Já o Brasil, onde historicamente vigora um modelo racial mais flexível, percorre o caminho inverso: cresce no país o número de pessoas que se identificam como pretas ou negras e repelem termos que designam grupos intermediários, como pardo ou mestiço.
A tese está no livro Race and Multiraciality in Brazil and the United States: Converging Paths? (“Raça e multirracialidade no Brasil e nos EUA: caminhos convergentes?”, em tradução livre), escrito por Daniel após vários anos de pesquisa nos dois países.
Em entrevista à BBC Brasil, o professor afirma que o estigma ligado à escravidão ainda impede que muitos brasileiros assumam sua ancestralidade africana.

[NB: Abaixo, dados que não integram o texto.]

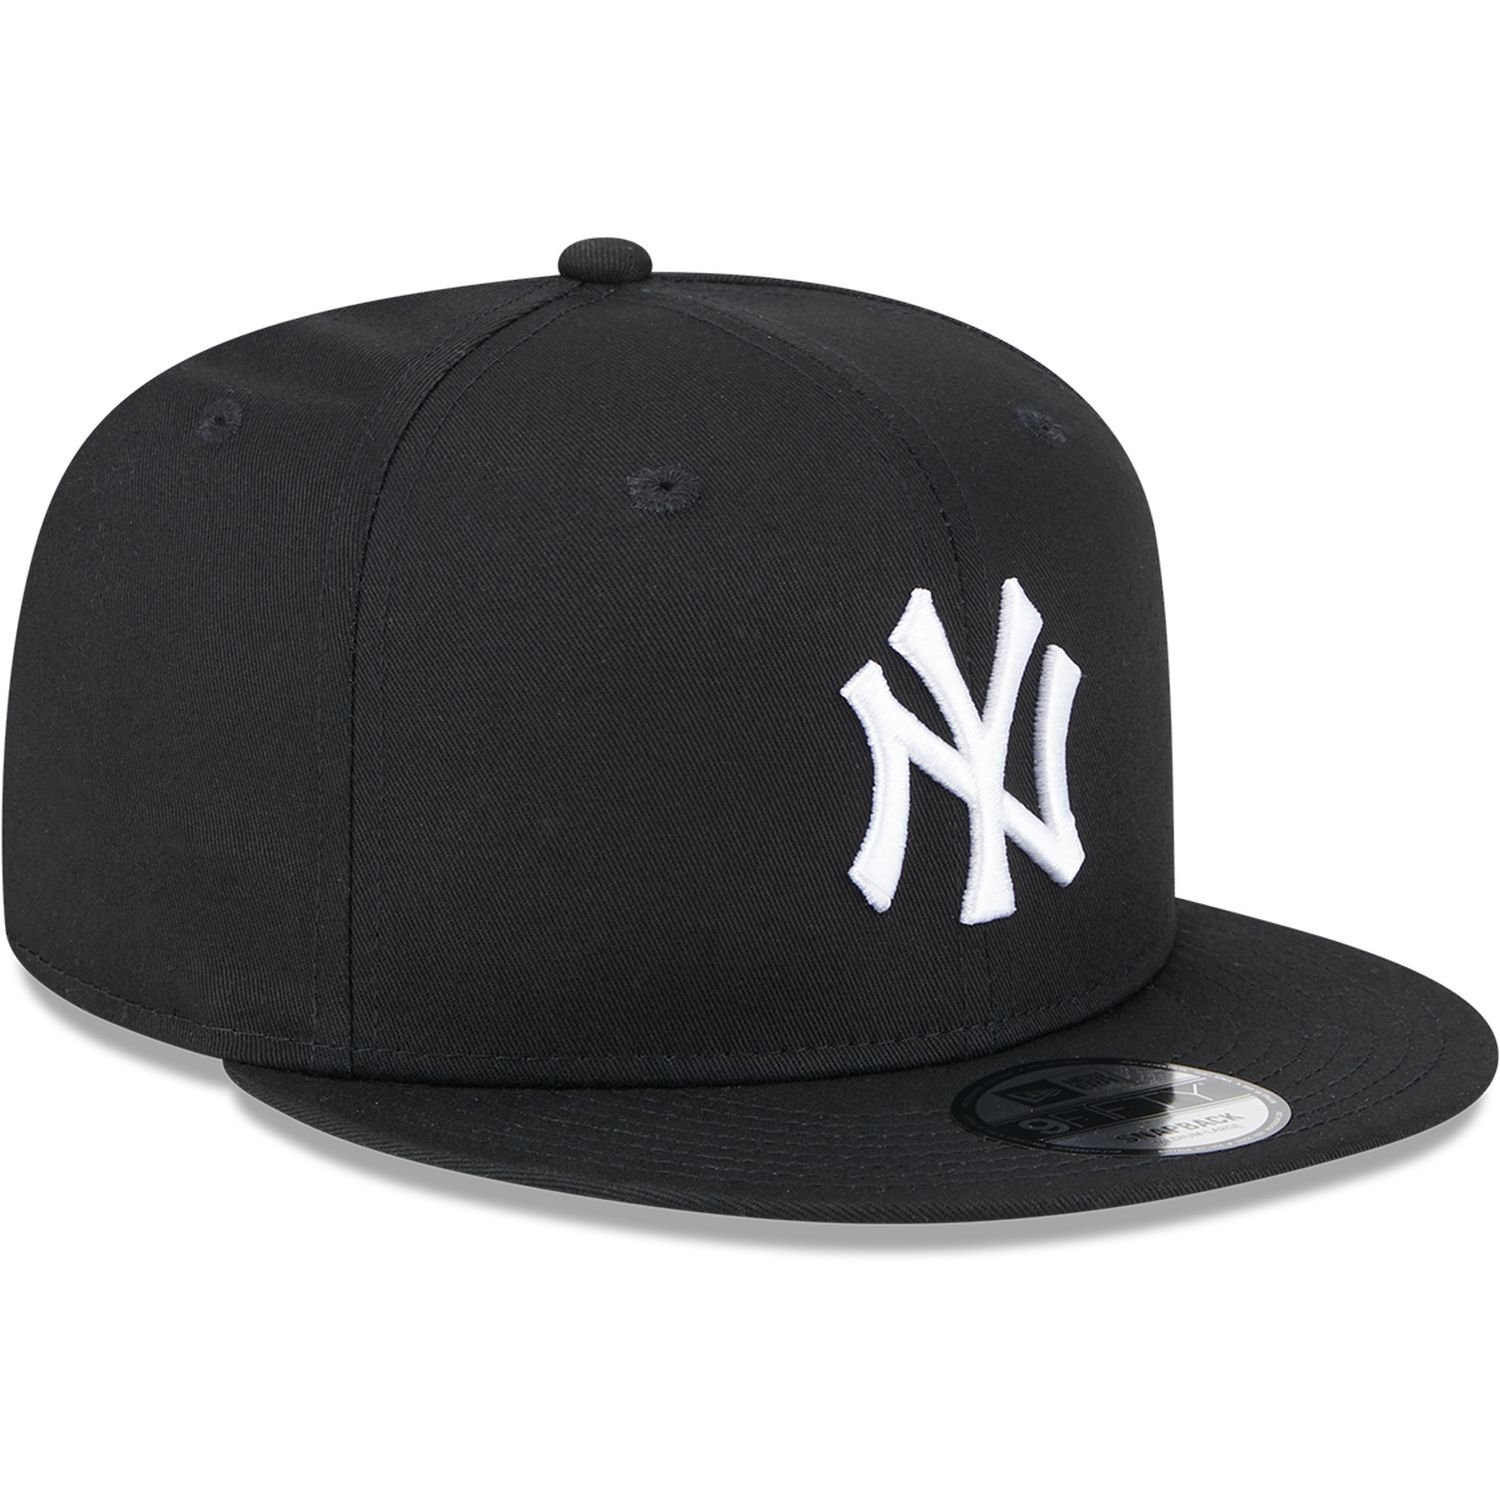 York New Cap METALLIC Snapback Era 9Fifty New Yankees

Daniel, americano que se define como multirracial, comentou o silêncio do jogador Neymar diante das ofensas raciais que sofreu em partida no início do mês, na Espanha.
“Se não fosse famoso, Neymar correria os mesmos riscos de um preto ou pardo que topasse com a polícia à noite na zona norte do Rio.”

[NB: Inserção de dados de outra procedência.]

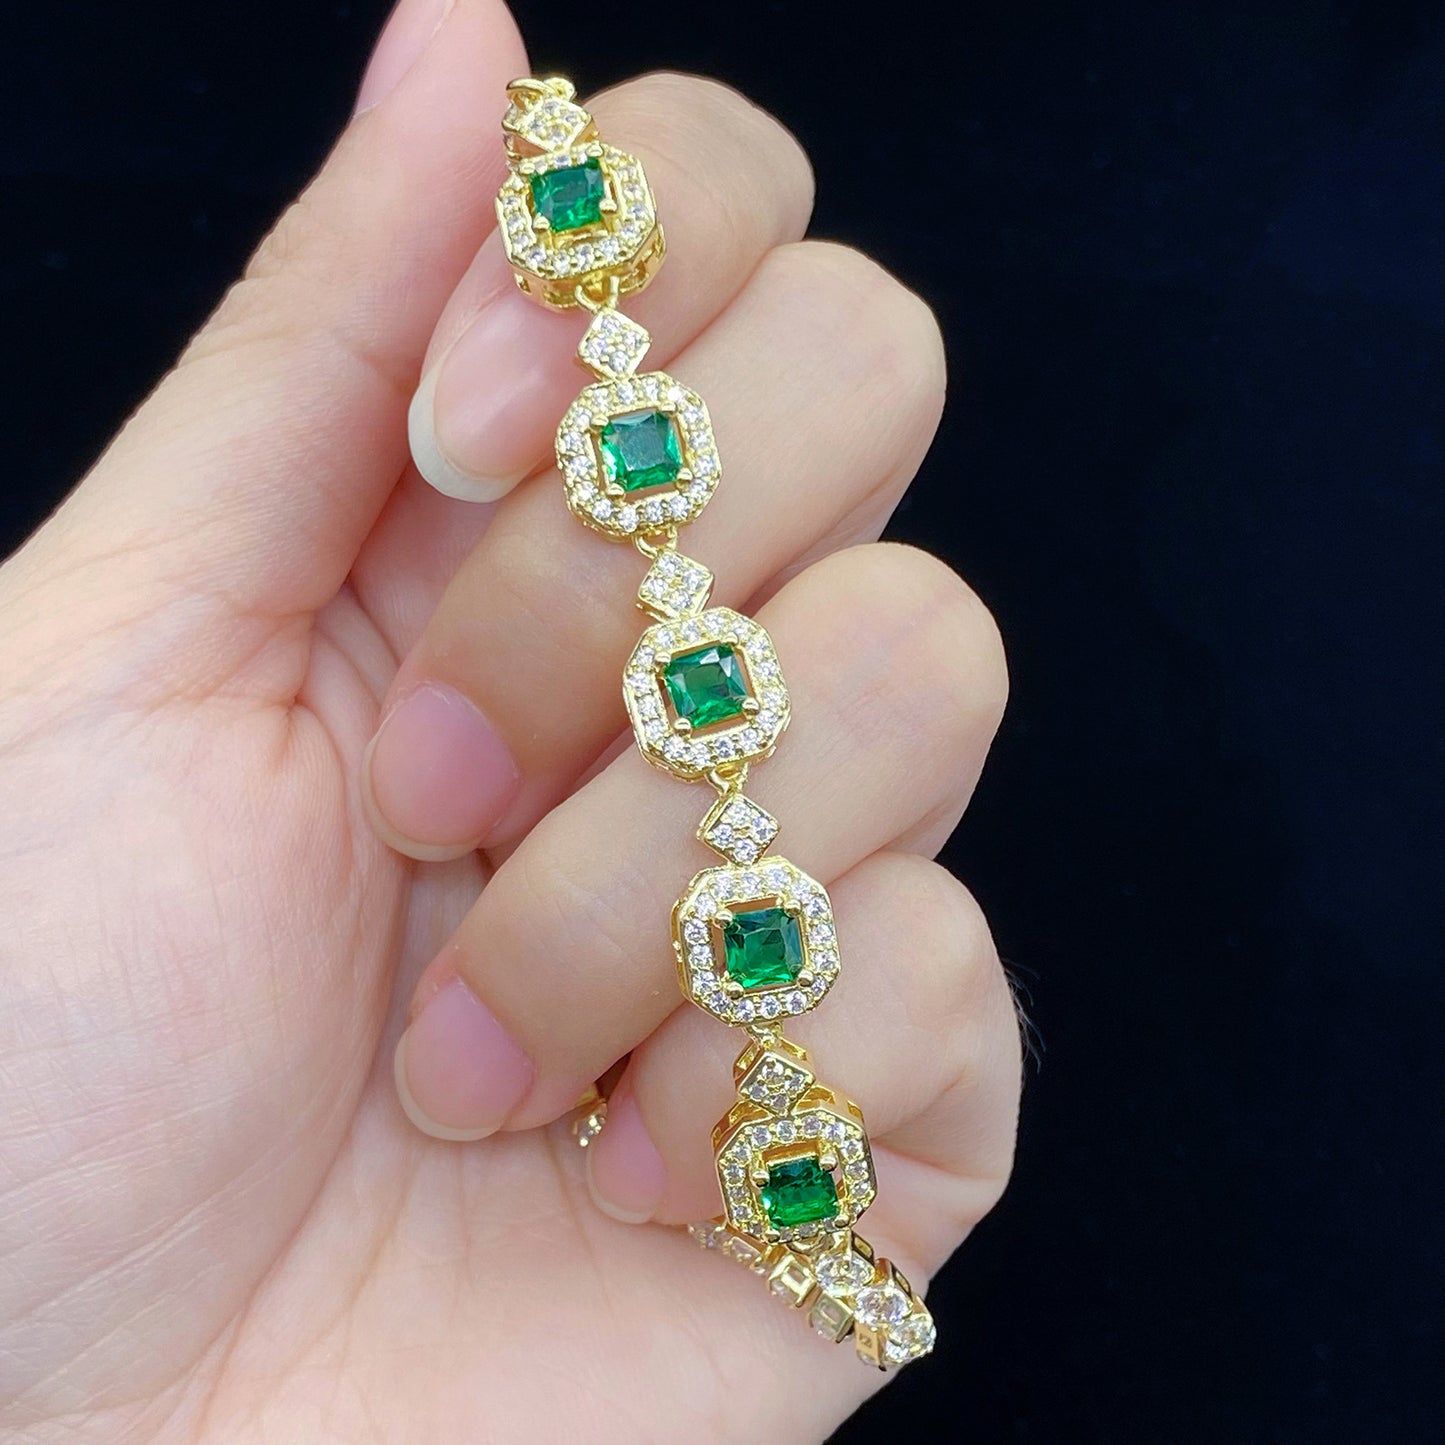 NO.8-Women's fashion jewelry, square colorful bracelet full of diamonds

Leia os principais trechos da entrevista.
BBC Brasil – Muitos no Brasil – particularmente no movimento negro – têm cobrado Neymar e outras figuras públicas a se identificar como negras e a se posicionar publicamente contra o racismo. Como avalia a postura?
Reginald Daniel – O movimento negro está tentando transmitir uma mensagem de unidade na luta antirracista e quer que mais pessoas falem sobre isso. A estratégia faz todo o sentido, mas acho problemático o discurso de que, para entrar na luta pela libertação negra, uma pessoa não possa reconhecer uma identidade que a conecte também à brancura.
As categorias raciais no Brasil historicamente se baseiam em aparências físicas. Se uma pessoa se olha no espelho e se vê numa categoria intermediária, fazer com que ela passe a se ver como negra não é tão simples. Muitos podem reconhecer uma ancestralidade africana, mas se identificar como pardos, mestiços, morenos ou outros termos.
Para mim, o mais importante é conscientizar essas pessoas de que elas são parte da luta negra e de que essa identidade multirracial não pode ser usada para fugir da luta.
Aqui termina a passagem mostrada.